It is estimated that late complications occur in up to 2/3 of patients with a tracheostomy tube. Accidental decannulation may have either no consequences (the patient was ready for decannulation and is able to maintain their own airway) or may have life threatening consequences (respiratory failure). In either case being prepared and assessing the patient is important to know which path of action to take.
Extra equipment should be available at the bedside in case the primary tracheostomy tube is unable to be replaced back into the stoma. A tracheostomy tube that is 1 size smaller than the indwelling tracheostomy tube should be available.
Often aspiration is a silent event meaning that it is not recognized immediately by care givers. Pneumonia can occur as a result of aspiration. Patients with tracheostomy tubes are predisposed to aspiration. Cuff overinflation can be a cause of aspiration if the overinflation compresses on the esophagus. A formal swallow study should be performed if oral nutrition is contemplated. Continued close monitoring and swallow precautions should happen with oral intake.
There are a few sites where bleeding can occur. Stomal bleeding can be caused by movement of the tracheostomy tube inside the stoma. Bleeding from trauma such as during a tracheostomy tube change can occur. Vigorous suctioning has to potential to cause bleeding from the carina. Take care to properly measure and gently suction.
Tracheosophageal fistula is another complication that can occur due to an over inflated cuff and the excessive cuff pressure or tip of the tracheostomy but causing posterior tracheal wall injury. Over time and tracheal wall can erode causing a communication between the trachea and the esophagus. A surgical fix or a double stent (trachea and esophagus) are the possible repairs.
Erosion of the tracheoinnominate-artery is due to an over inflated cuff or a distal end of a tracheostomy tube with excessive movement or placed too low in the trachea. Mortality of this condition is close to 100% in individuals who develop this condition. Suspicion and monitoring are ways to avoid this condition. If a patient has fresh bleeding from the trachea site one should proceed with further investigation. This will usually involve transfer to a hospital and bronchoscopy.
Granulation tissue can form at the level of the stoma and also develop in and around fenestrated tracheostomy tubes causing significant difficulty with tracheostomy tube changes and decannulation.
There are a number of risk factors are associated with stomal stenosis:
- Stomal infection
- Advanced age
- Male sex
- Tight-fitting or oversized cannula
- Excessive tube motion
- Prolonged placement
- Disproportionate excision of anterior tracheal cartilage during the creation of the tracheostomy
Tracheal stenosis its at the site of tracheal-tube cuff is caused by over inflation of the cuff over a long period of time. The cuff exceeds the perfusion pressure in the trachea and causes decreased tracheal blood flow and ischemia. Prolonged ischemia may bring mucosal ulceration, chondritis, and cartilaginous necrosis.
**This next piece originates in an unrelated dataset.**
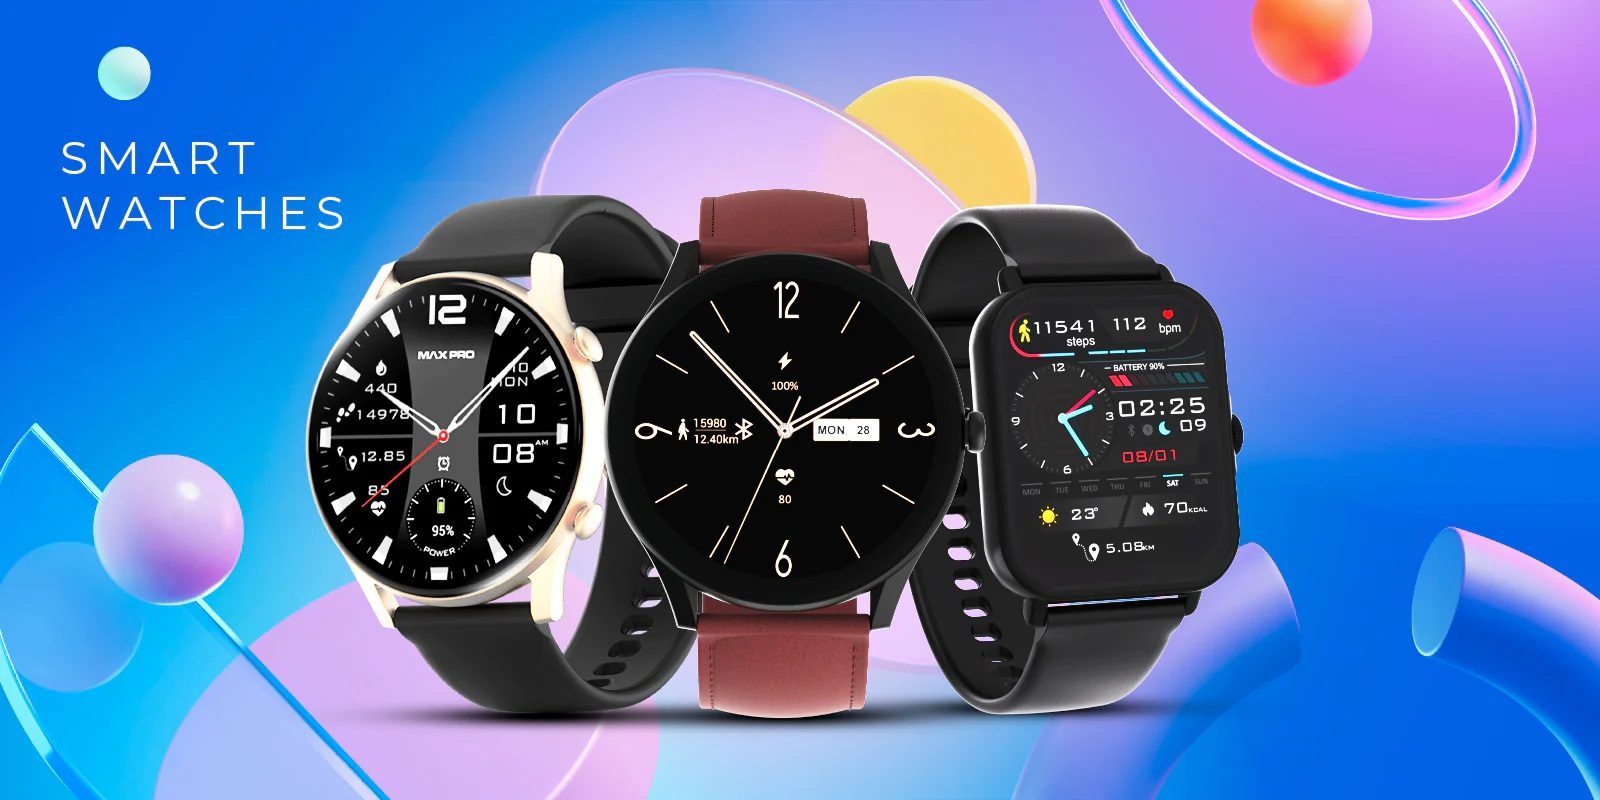 Buying Quality Premium Smartwatches Under 1500 - 100% Free Guest Posting Website

Pooled secretions or gastroesophageal reflux may be exacerbate this process. Granulation tissue forms over time leading to airway obstructions.
The risk factors associated with Tracheal-tube cuff related stenosis are:
- Female sex
- Advanced age
- Prolonged tube placement
- Excess cuff pressure
Tracheomalacia (softening of the trachea) is a weakening of the tracheal wall. Ischemic injury followed by chondritis and subsequent destruction and necrosis of the sporting tracheal cartilage. Once the cartilage is weakened the supporting structure of the trachea is lost and normal pressures exerted through breathing can collapse the trachea. Tissues around the trachea may also push against the weakened area and cause obstruction.
Tracheal stenosis and tracheomalacia develop over time. Post acute settings afford the luxury of time for patients to develop these processes. The vigilant daily cares and strict routines can help to avoid these conditions. Attentiveness to slight changes in the respiratory status may give clues to the development of tracheal stenosis and tracheomalacia. Further diagnostic work will confirm the presence of either one with bronchoscopy.